**Problem to solve:** Print the data that follows word for word, leaving out any picture.

**Given information:**

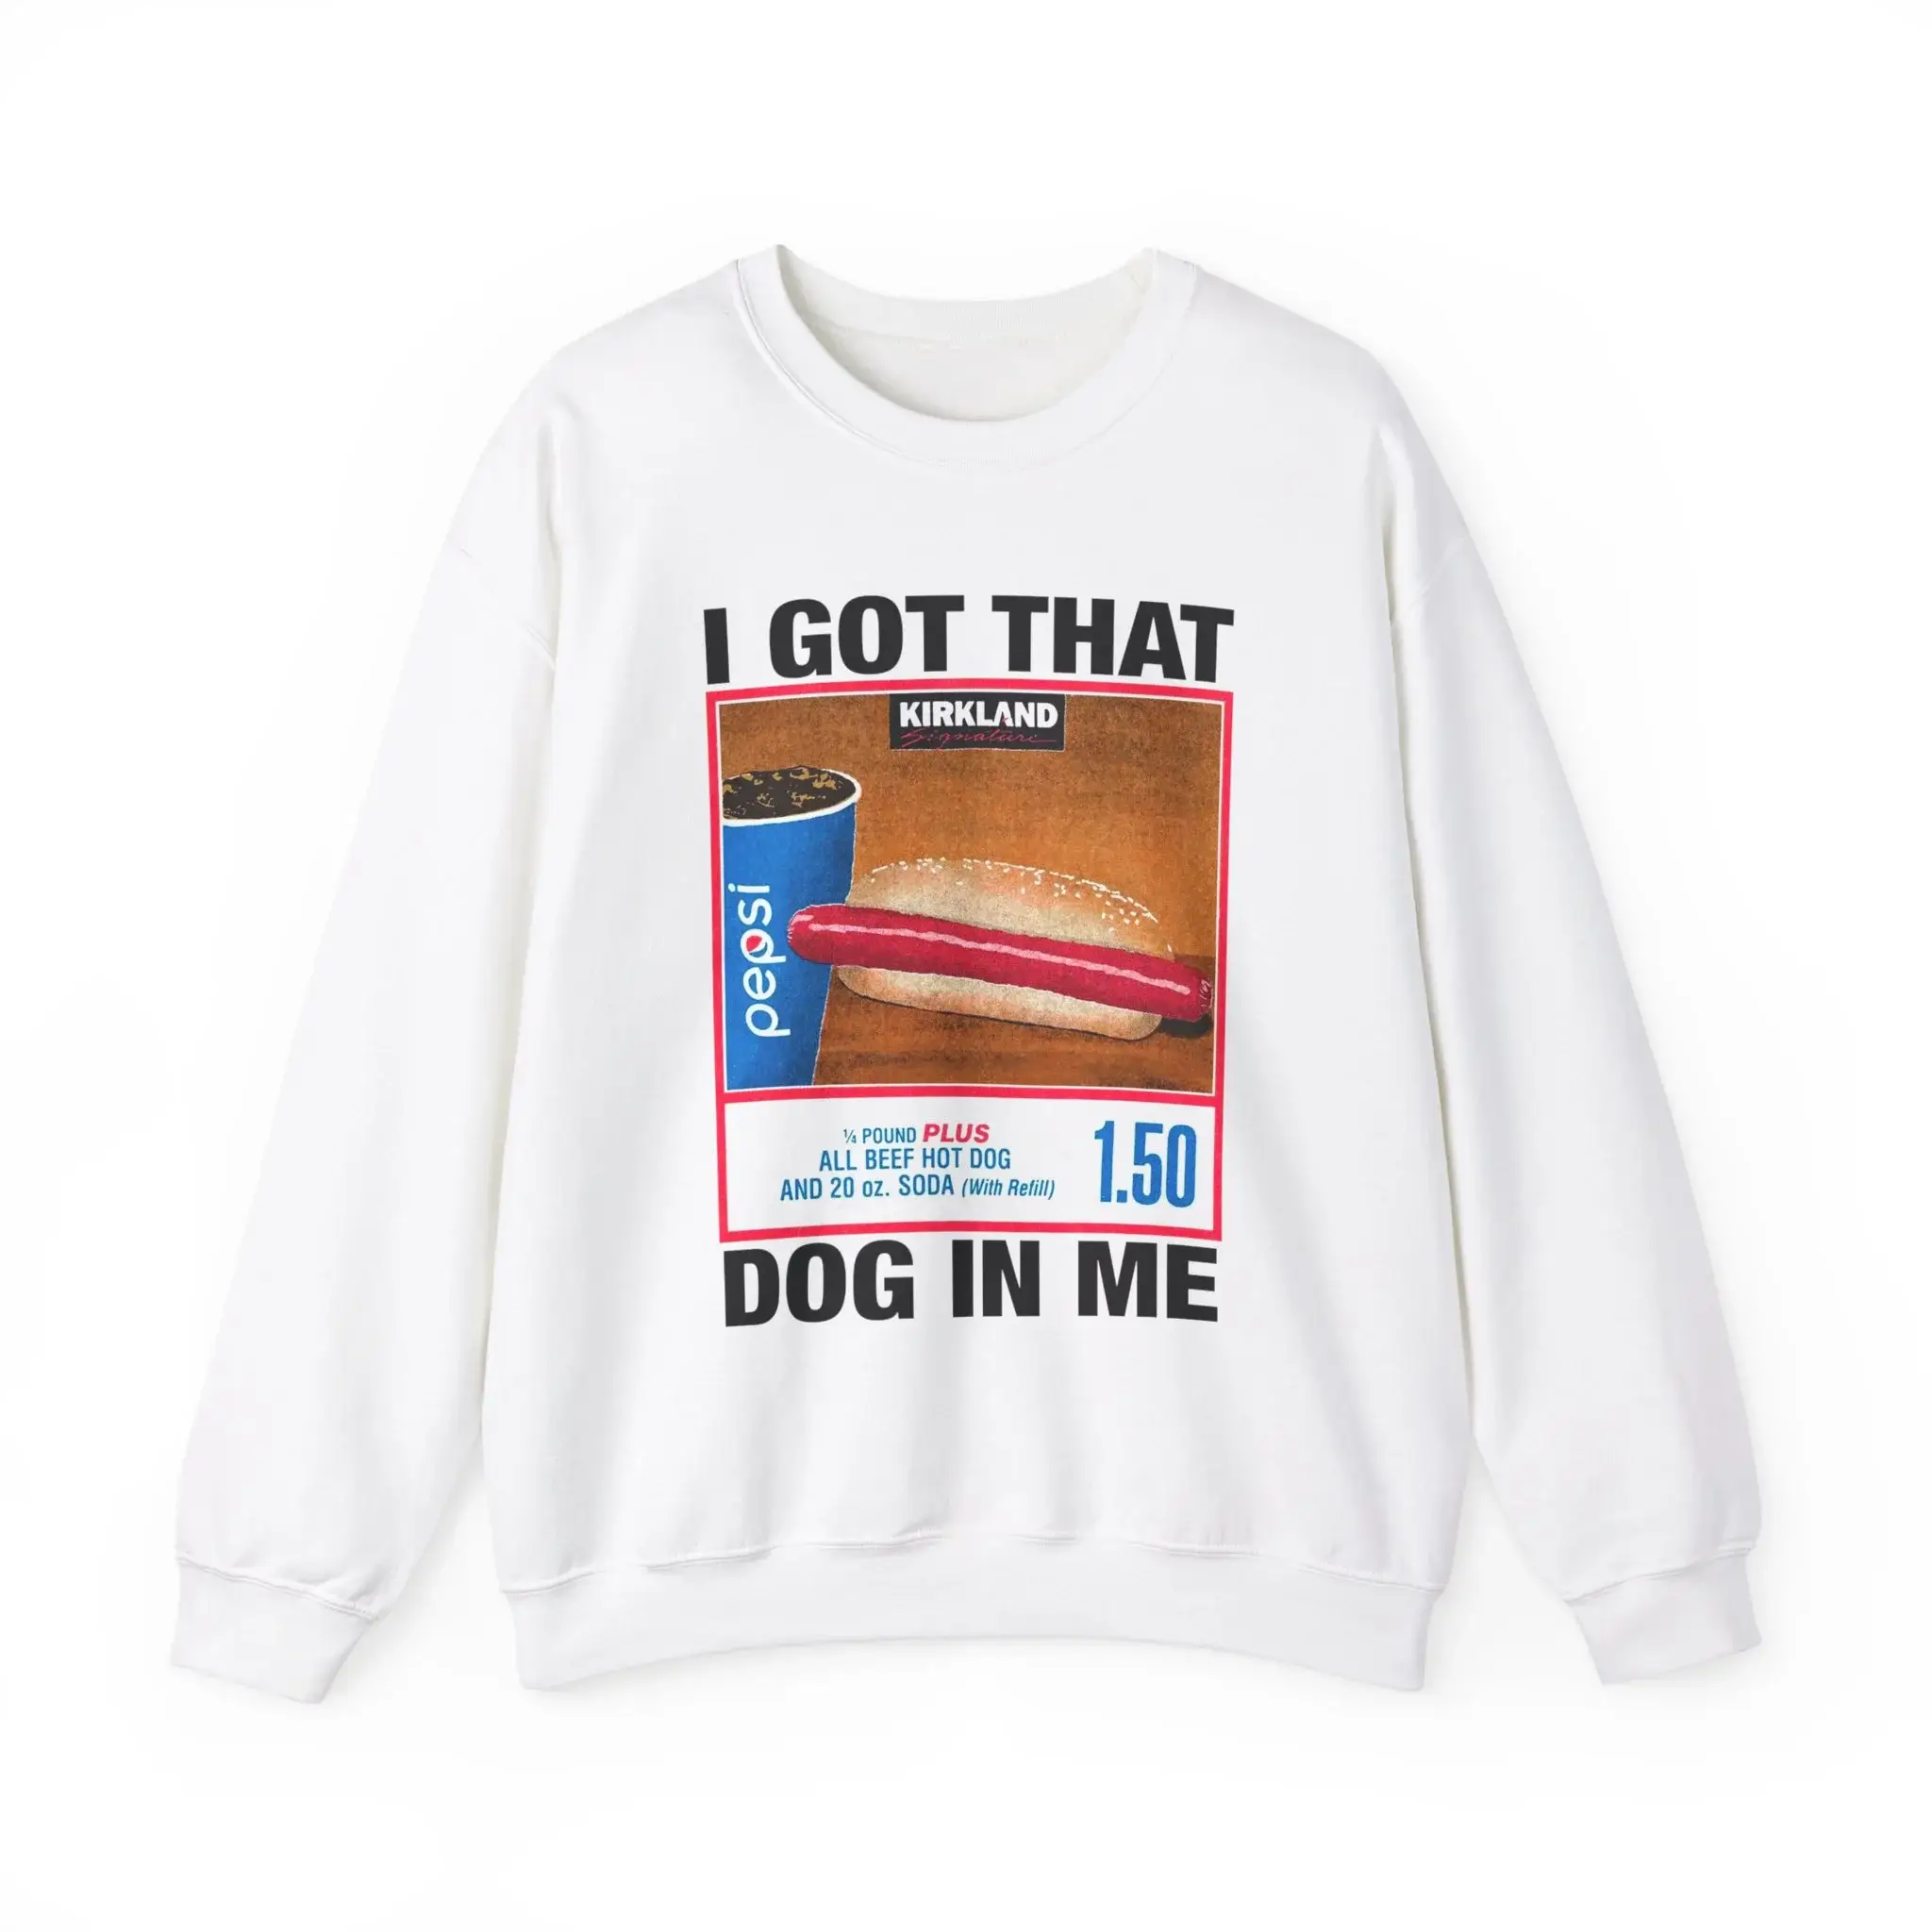 I Got That Dog In Me Costco Pajamas Set - Torunstyle
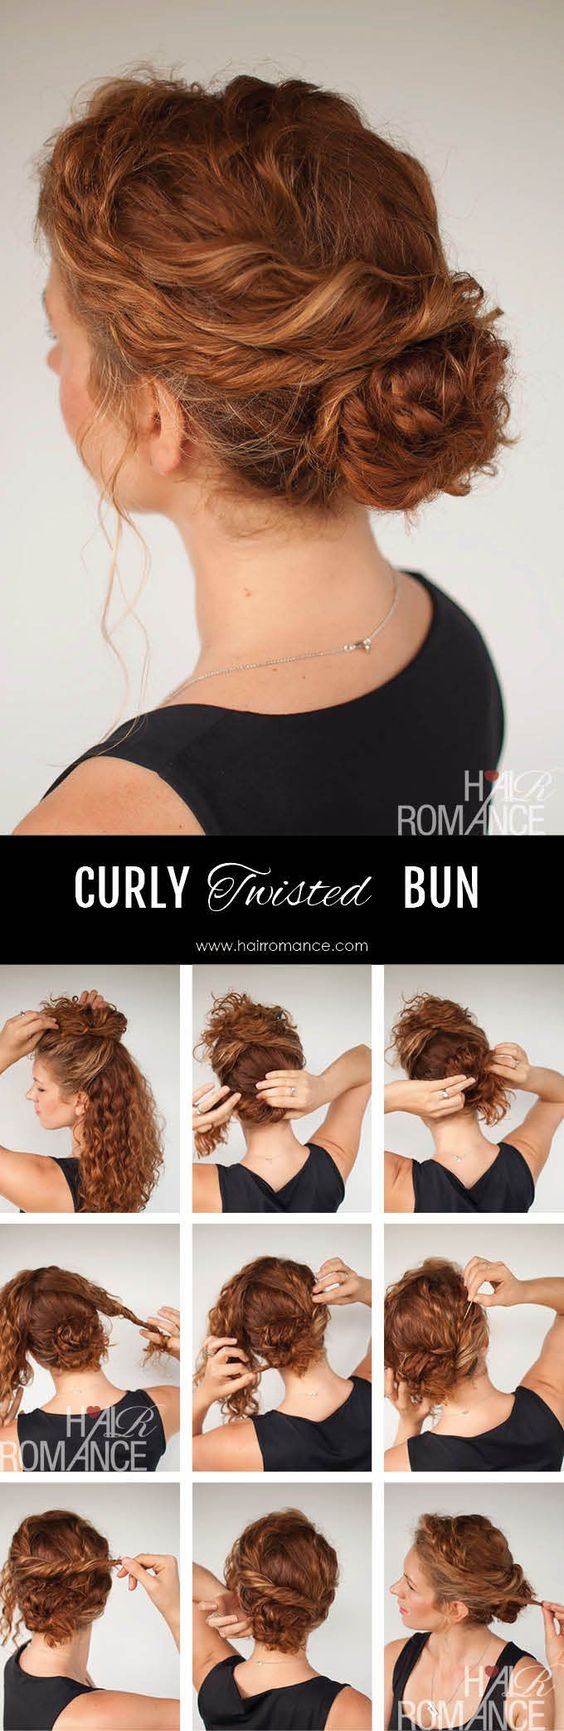 curly-twisted-bun via
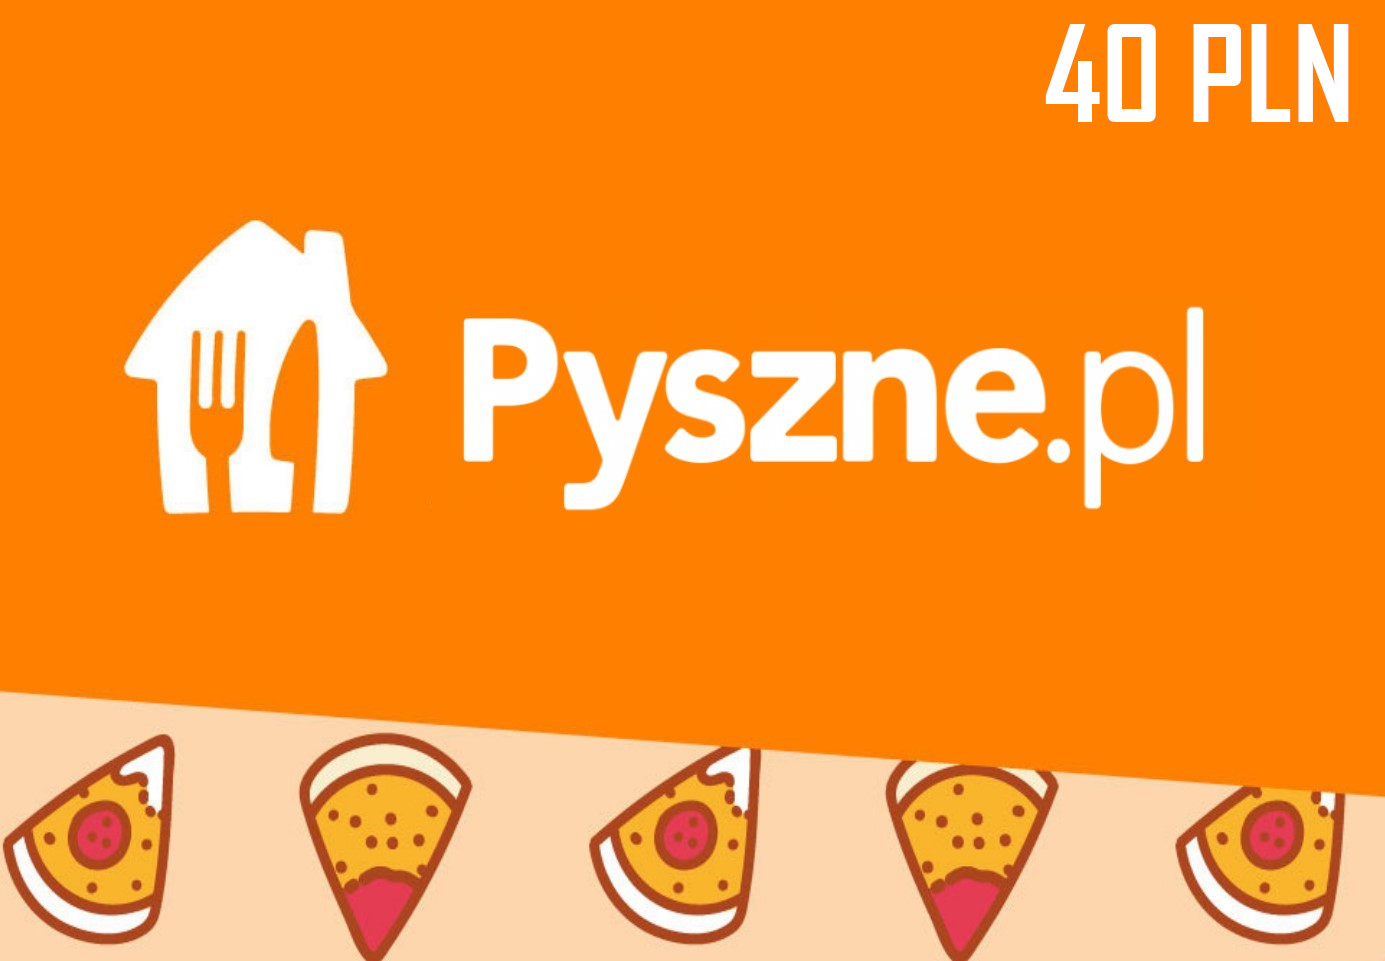 Pyszne.pl 40 PLN Gift Card PL, 11.82$

**Output of the task:**
 I Got That Dog In Me Costco Pajamas Set - Torunstyle
 curly-twisted-bun via
 Pyszne.pl 40 PLN Gift Card PL, 11.82$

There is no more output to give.